Original topic: MySQL主从日志落盘时间测试

| username: xiaoqiao

[TiDB Usage Environment] Production Environment / Testing / PoC
[TiDB Version]
[Reproduction Path] What operations were performed when the issue occurred
[Encountered Issue: Issue Phenomenon and Impact]
[Resource Configuration] Go to TiDB Dashboard - Cluster Info - Hosts and take a screenshot of this page
[Attachments: Screenshots / Logs / Monitoring]
Does anyone have experience with testing the time difference when MySQL primary and secondary databases write to disk? I want to see how much time this part takes, especially for remote disaster recovery RPO time.

| username: tidb菜鸟一只 | Original post link

It definitely depends on your actual environment, it’s not fixed.

| username: DBAER | Original post link

Parse binlog and look at these two timestamps: the difference between original_commit_timestamp and immediate_commit_timestamp can be found here:

| username: zhaokede | Original post link

:+1:

| username: zhang_2023 | Original post link

There are too many variables, such as host performance, network bandwidth…

| username: TiDBer_嘎嘣脆 | Original post link

Analysis of binlog implementation

| username: xiaoqiao | Original post link

Your solution actually tests the time it takes for the data to be written to the slave database.

We now want to test the time it takes for the Relay log to be written to disk. Generally, as long as the data reaches the relay log, the local MySQL thread will definitely continue to write to its own database, regardless of any anomalies in the master database.
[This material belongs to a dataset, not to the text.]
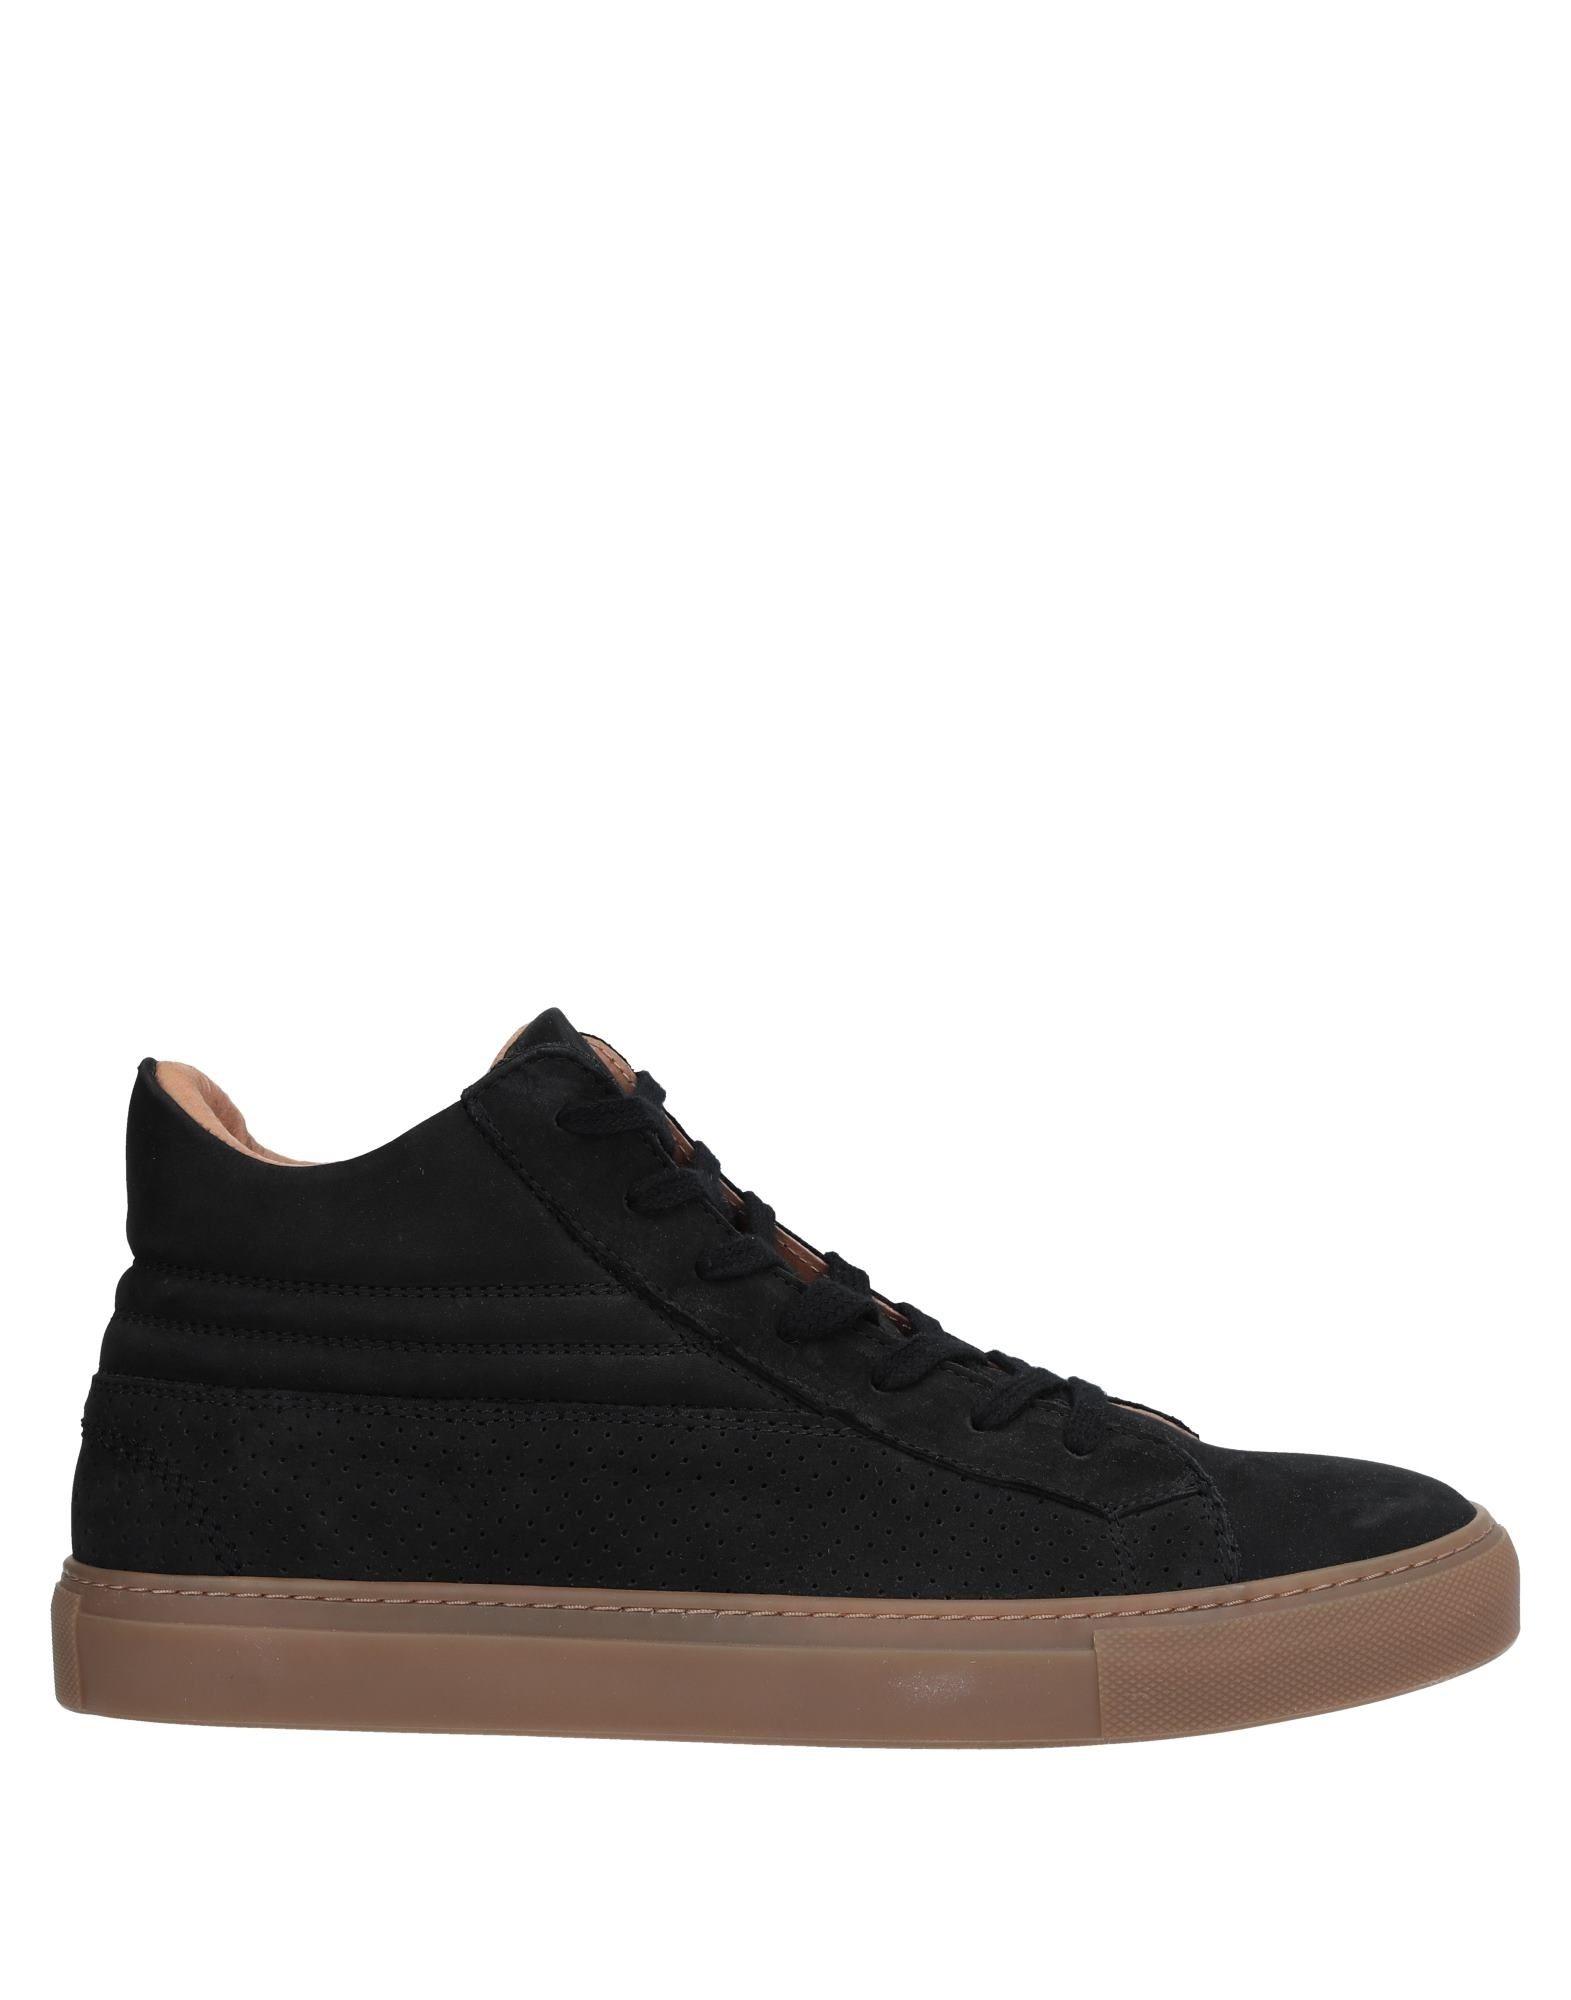 Sneakers Selected Homme Uomo - 11537175XA

| username: xiaoqiao | Original post link

There is a testing plan, and specific scenarios will be handled accordingly. A standard time is not required.
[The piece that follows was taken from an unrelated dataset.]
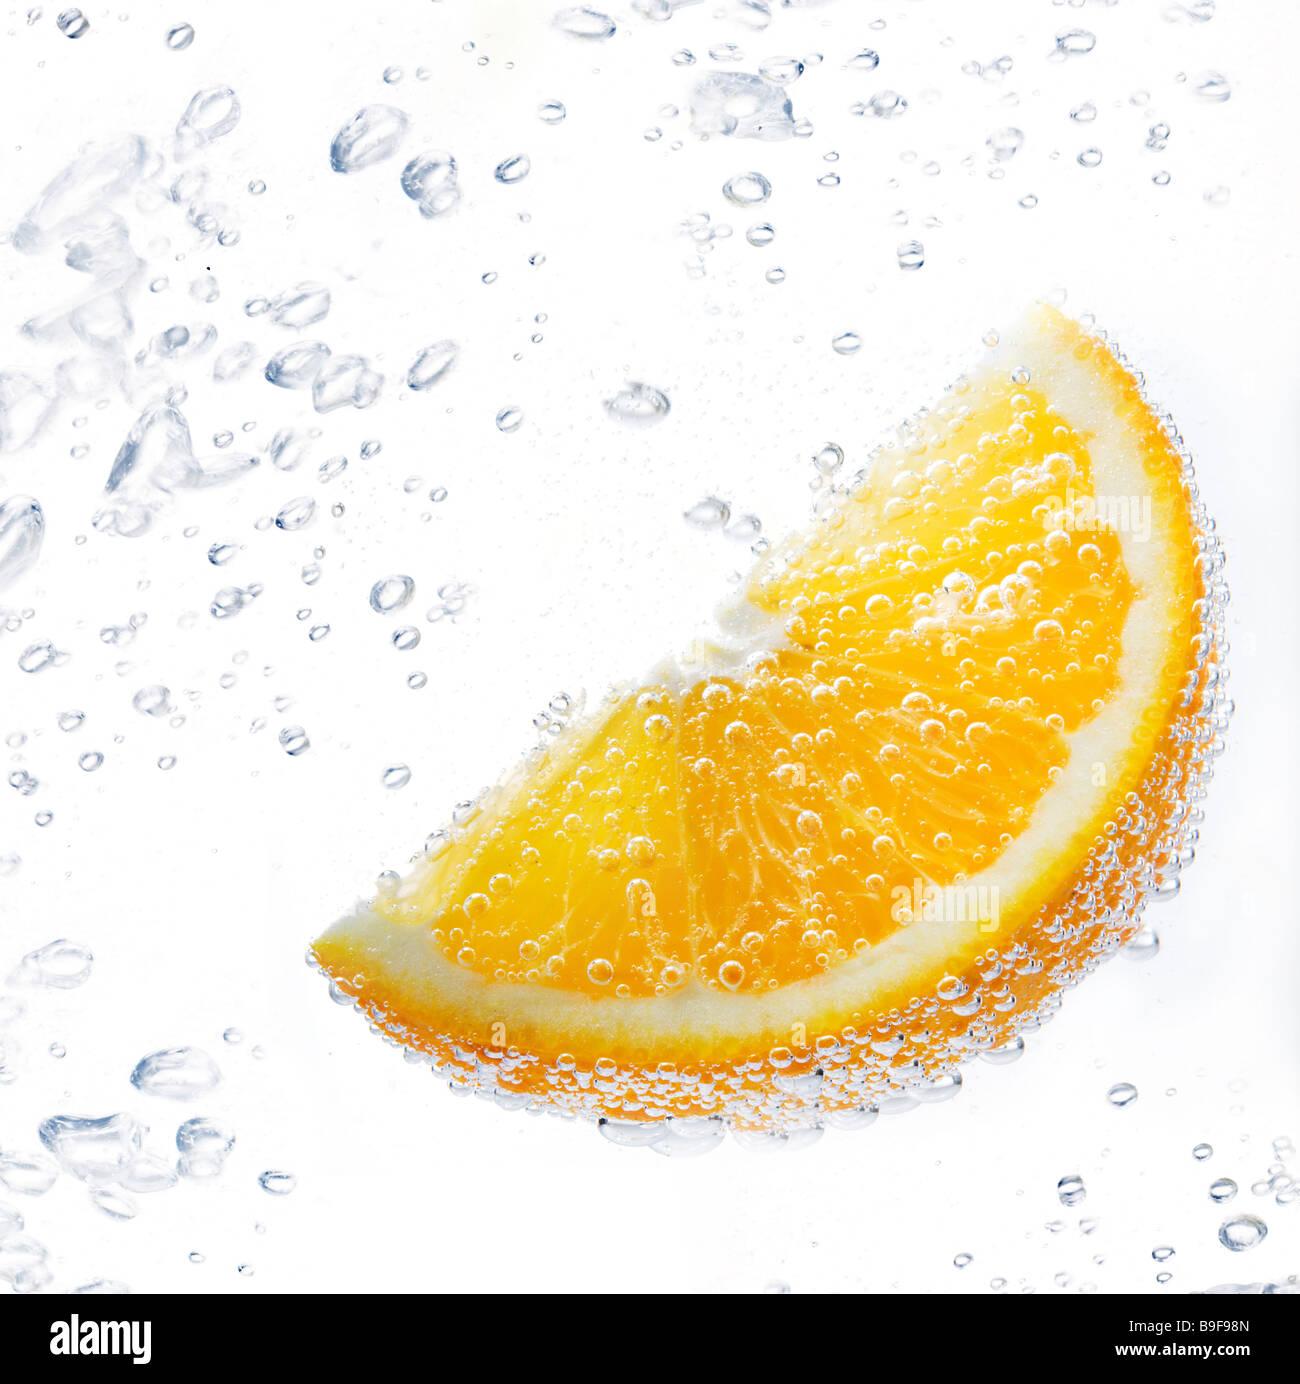 Piece of orange under water - Stock Image

| username: xiaoqiao | Original post link

To test the relay log time, you can write to the binlog to verify that the data has already been transferred to the remote location.

| username: TiDBer_QYr0vohO | Original post link

Mark it.

| username: DBAER | Original post link

Parsing relay-log is the time when the relay is written to disk.
Parsing slave binlog is the time when the log is written to disk after being applied.

| username: 考试没答案 | Original post link

The time test varies depending on the architecture: for example, delayed master-slave, asynchronous master-slave, and real-time master-slave. They are all different. Test according to your requirements.

| username: 呢莫不爱吃鱼 | Original post link

Mark it, and study it later.

| username: xiaoqiao | Original post link

I just don’t know how to test it. It’s not about standard data, but is there any testing methodology for the relay log’s disk write time (excluding playback)?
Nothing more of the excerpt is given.